Ms Banerjee, meanwhile, is eager to consolidate herself in the hills. Towards this end, the desperation within the Gorkha Movement Coordination Committee at the prospect of a fruitless bandh has come in handy: the TMC can divide the movement and use one faction as a vehicle for the Trinamul Congress in the hills.
This precisely is what happened after a meeting of the Gorkha leaders with Ms Banerjee on August 29. Vinay Tamang, joint secretary of the GJM, and Anit Thapa, member of the executive committee, took the leaders and the agitators by surprise by asking them to end the bandh because positive but unidentifiable developments were expected by September 12. By that time, the next round of meetings with Rajnath Singh and Mamata Banerjee would have been held, they said.

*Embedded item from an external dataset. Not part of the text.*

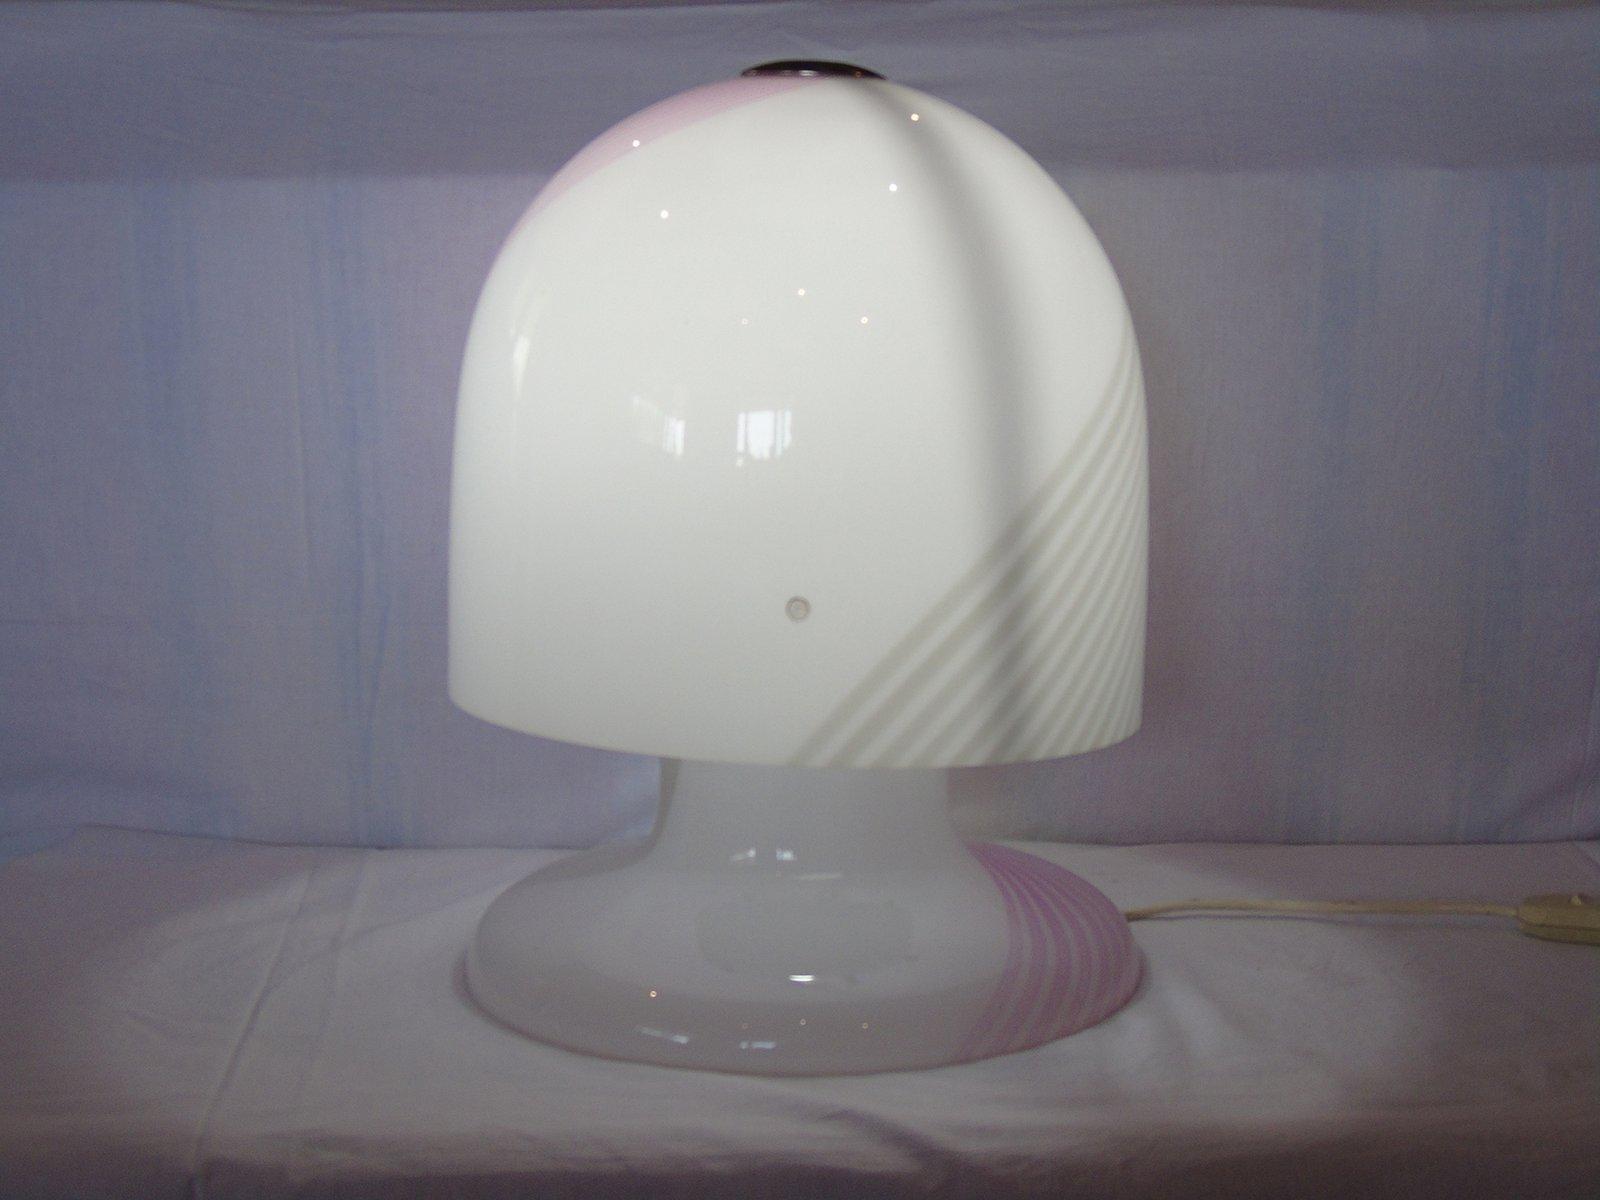 vintage murano glas mushroom lampe von la murrina bei pamono kaufen. Black Bedroom Furniture Sets. Home Design Ideas

The bandh could always be resumed if nothing worthwhile was announced after September 12. The agitators smelt a rat. At a meeting outside Kurseong (Toy) railway station, a fiery speaker used an expression which is a Nepali version of an old adage: “Does the soufflé rise twice?”
A “sellout”, the crowd bellowed. Tamang and Anit Thapa had to be given police protection — a clear case of leaders hiding from their people. The president of the GJM, Bimal Gurung, is already living “underground” in Sikkim.
The bandh call was occasioned by Mamata Banerjee and other Trinamul leaders seeking to insert Bengali in the three-language formula operational in the hills. Before this “Bengali imposition” could register with the Gorkha coordination committee, Biaml Gurung had jumped the gun — he had announced an open-ended bandh.
Among the more sensible colleagues of Bimal Gurung is one Swaraj Thapa, who also has bogus cases slapped against him. He has been spending some time in New Delhi as part of the delegation which met the home minister, who has recently agreed to tripartite talks on the Gorkhaland issue, should Mamata Banerjee agree.
R.B. Rai, a two-time member of Parliament and president of the Communist Party of Revolutionary Marxist central committee, possibly the most politically savvy and respected leader in the hills, believes that “tripartite talks” are a promising enough outcome to end the bandh.
He is cross with the amateurishness of Bimal Gurung for playing “the ultimate card of a total bandh without having a backup plan... We should have started with mohalla marches, struck work for a few hours, tested the political reaction in Kolkata and New Delhi, gauged the plantation workers’ capacity to survive long strikes without wages. And so on”. There was no plan, he laments.